How to cultivate the KonMari method in your home:

  • As per Marie Kondo’s website, we must begin the process by committing ourselves to tidying up.
  • Imagine your ideal lifestyle and keep that in mind throughout; anything that won’t help you on this journey isn’t deserving of your space or you.
  • Remember, it’s only after you’ve discarded can you turn your full energy and attention to that which brings you joy. Go through and get rid of items you no longer need or cherish, and remember to do so with gratitude.
  • Tidy by category – clothes, books, papers, komono (miscellaneous items) and then sentimental items – not location. And always, always follow this order.
  • Create an environment that makes you happy by going through all items and asking if they spark joy.
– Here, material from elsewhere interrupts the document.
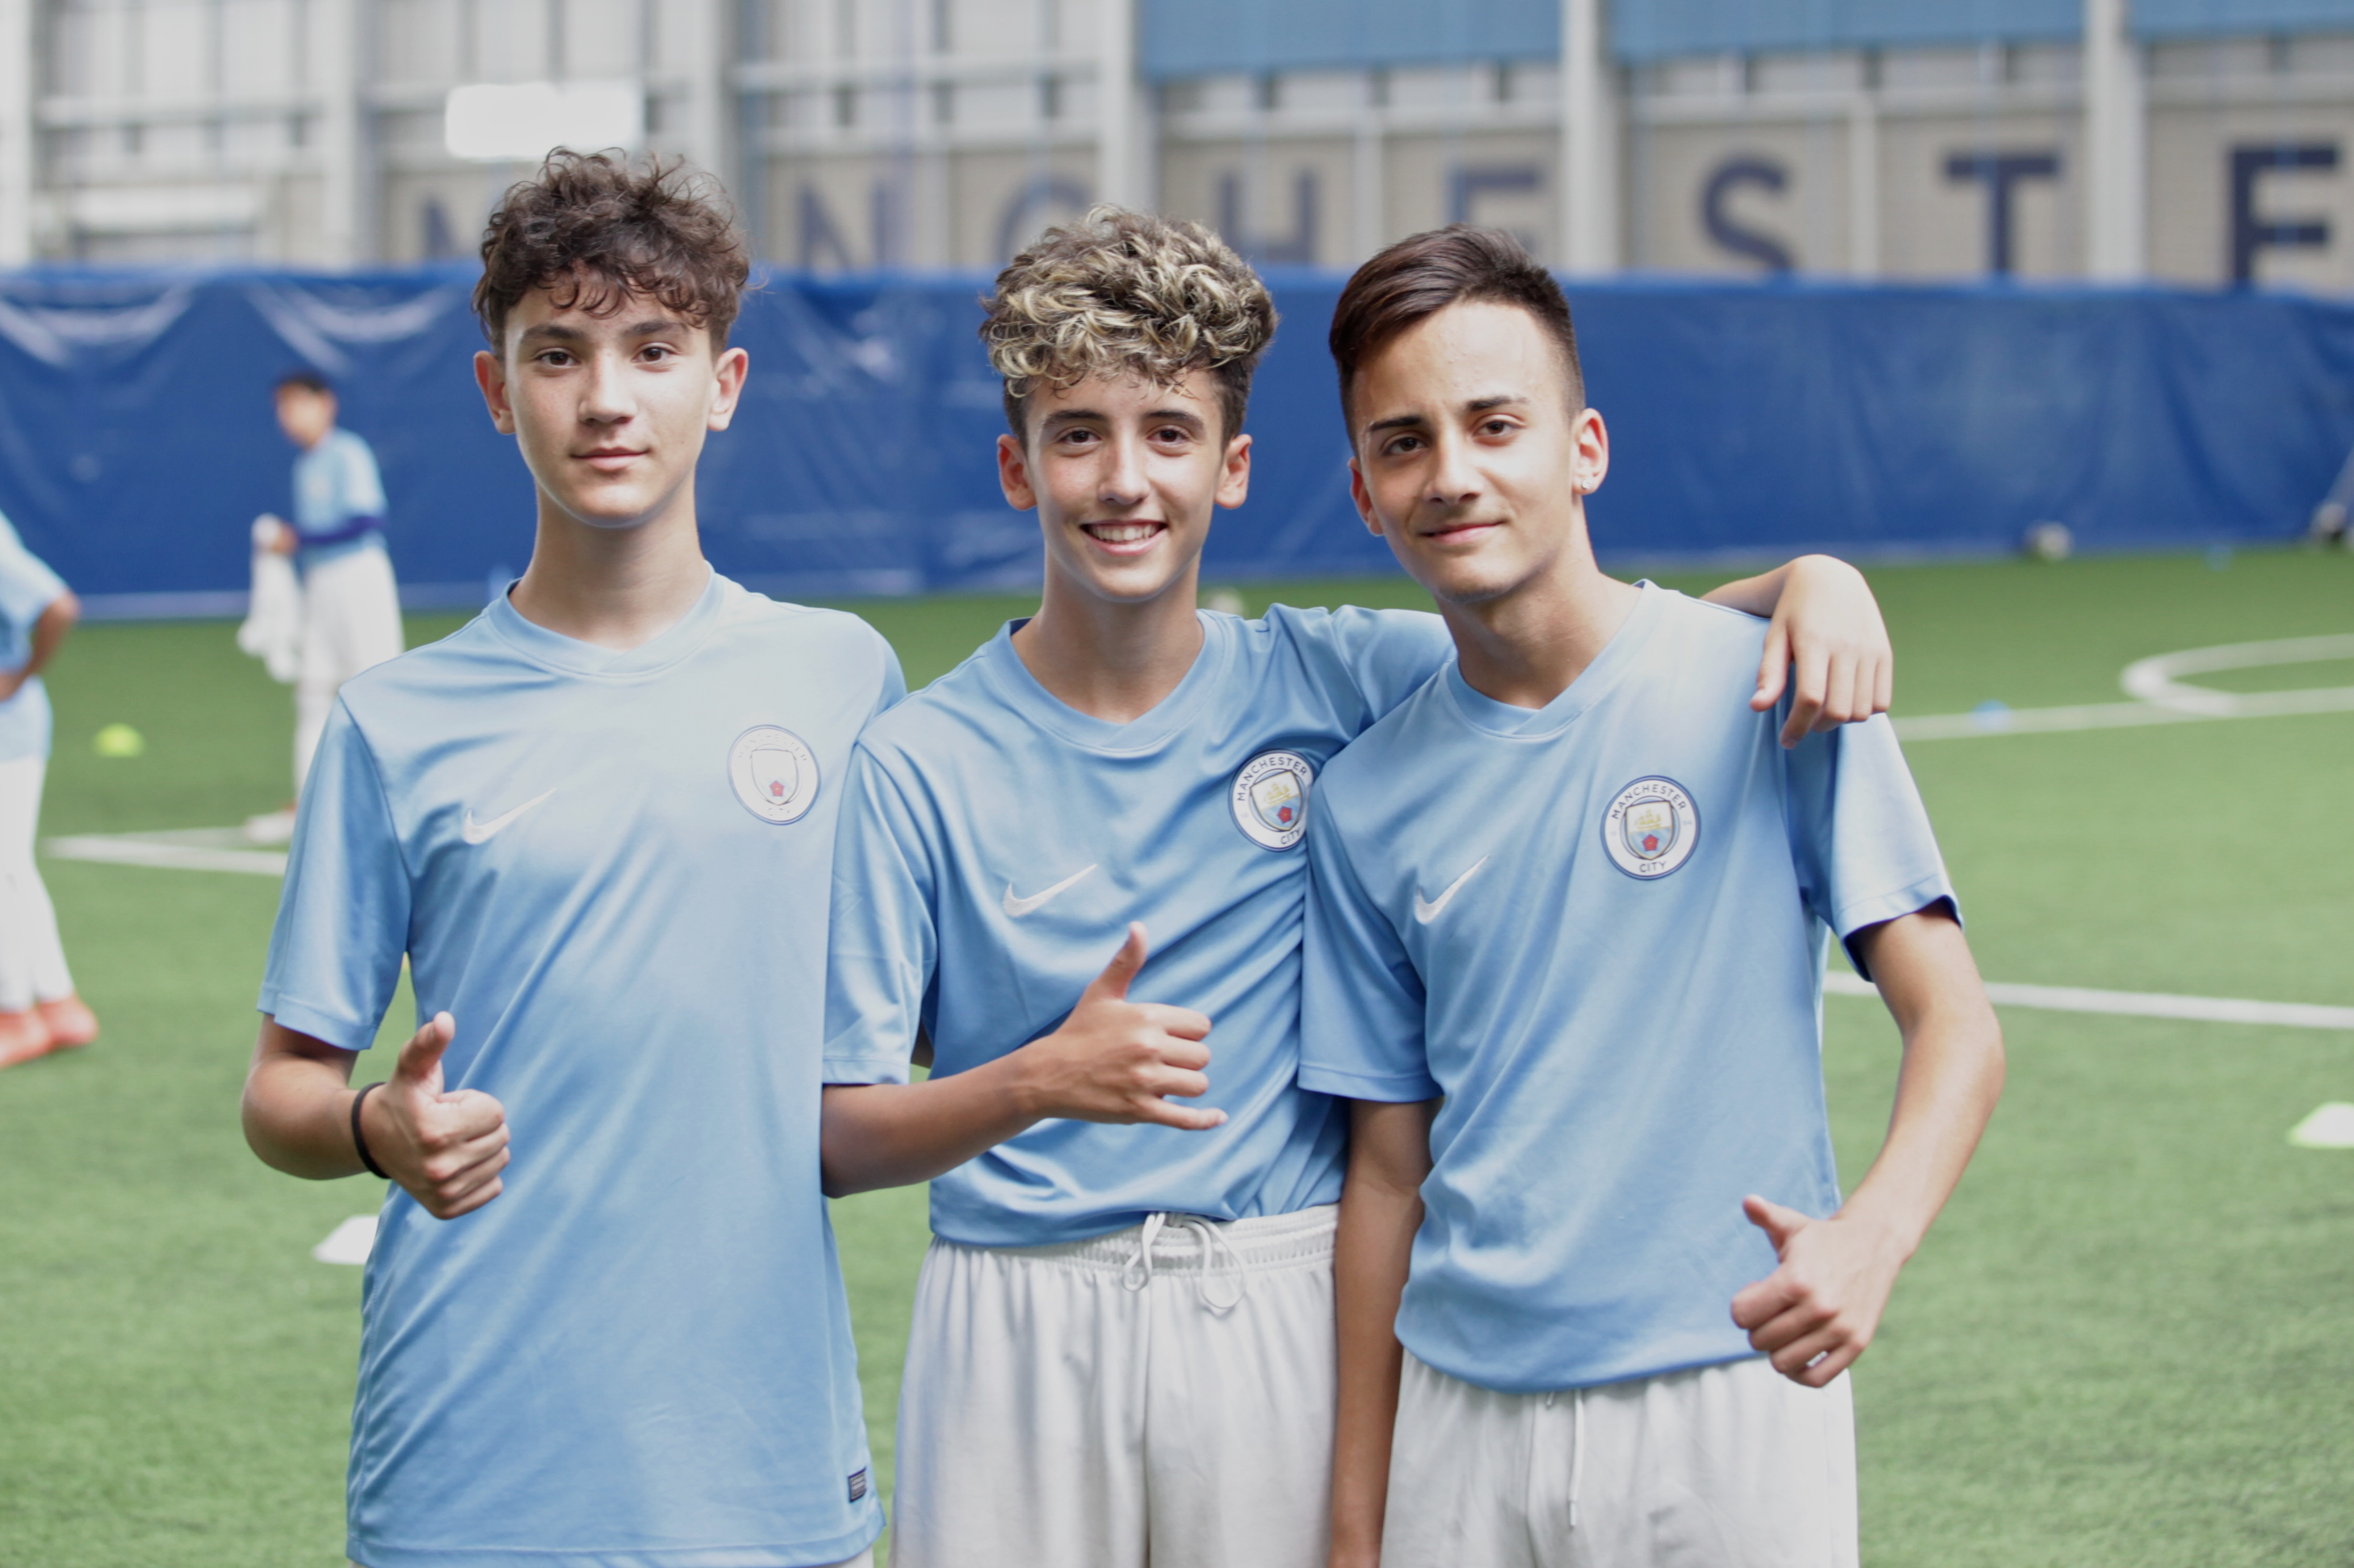 City Football Course Photos 2018 (14)

Of course, joy looks different to everyone; however, Kondo herself describes it on her website as “a little thrill, as if the cells in your body are slowly rising.” 

Khaneh-tekani

In Iranian culture, families prepare for Norooz (the Iranian new year, which coincides with this year’s spring equinox on 20 March) by partaking in a spring cleaning ritual known as khaneh-tekani. 

This literally translates to “shaking down the house,” and aims to clean all those things that don’t get attention during the year, including carpets, furniture, and silverware. 

How to cultivate khaneh-tekani in your home:

  • Wash curtains and carpets.
  • Shake and sweep dust and debris from all rugs and surfaces.
  • Remove stains from glass windows.
  • Clean out all cupboards.
  • Wipe down the walls and repaint where necessary.

“Many also burn sandalwood or an herb called espand to freshen the air,” notes the Tehran Times.

“And some buy new housewares and replace them with old ones, [and] buying plants and flower pot is another tradition performed by some people in Iran. 

“This way, people invite spring, the renewal of nature, to every corner of their houses. [And it means that] khaneh tekani is not only physically cleaning your house, but it’s also about getting rid of the past and of evil spirits.” 

The minimalist game

Ever spotted the #minsgame hashtag on social media at the beginning of each month? It’s linked to a method that gamifies the decluttering experience, as devised by Ryan Nicodemus and Joshua Fields Millburn of The Minimalists.

How to cultivate the minimalist game in your home:

  • Beginning on the first day of a month, the minimalist game asks that you declutter a certain number of items from your home corresponding to the day of the month. 
  • To break it down, this means that you will get rid of one item on the first day, two items on the second day, three on the third, and so on. 
  • By the end of a 31-day month, you will have removed 496 items from your home (if you play all the way through).
  • By starting small and increasing over time, the hope is that you will build confidence in your decision-making abilities and get increasingly better at letting go of stuff.
  • As per The Minimalists’ website, the game works better if you find a “friend, family member, or coworker who’s willing to minimize their stuff with you,” as they will hold you accountable each day.

Döstädning

Döstädning, otherwise known as “Swedish death cleaning,” is designed as an easy way for us to purge our homes and organise our possessions in hopes that our families won’t be overburdened by our belongings once we pass away. 

How to cultivate döstädning in your home:

  • As previously reported by Stylist, you should start by gifting, donating, or recycling those items you have stashed away in boxes because you don’t want to deal with them.
  • Ditch anything that may prove hurtful or embarrassing to your family (or, to quote the ever-pragmatic Margareta Magnusson, “Save your favourite dildo, but throw away the other 15!”).
  • Sort your clothes and shoes into four piles: those you love and wear frequently, those you want to keep but don’t necessarily know why, those that don’t fit your body or lifestyle (donate), and those that are in poor condition (trash).
  • Gift your belongings gradually and thoughtfully.
  • Sort through photographs and throw out any duplicates or images of people you can’t name. Then, give away what you can.
  • Keep one box of memories for yourself.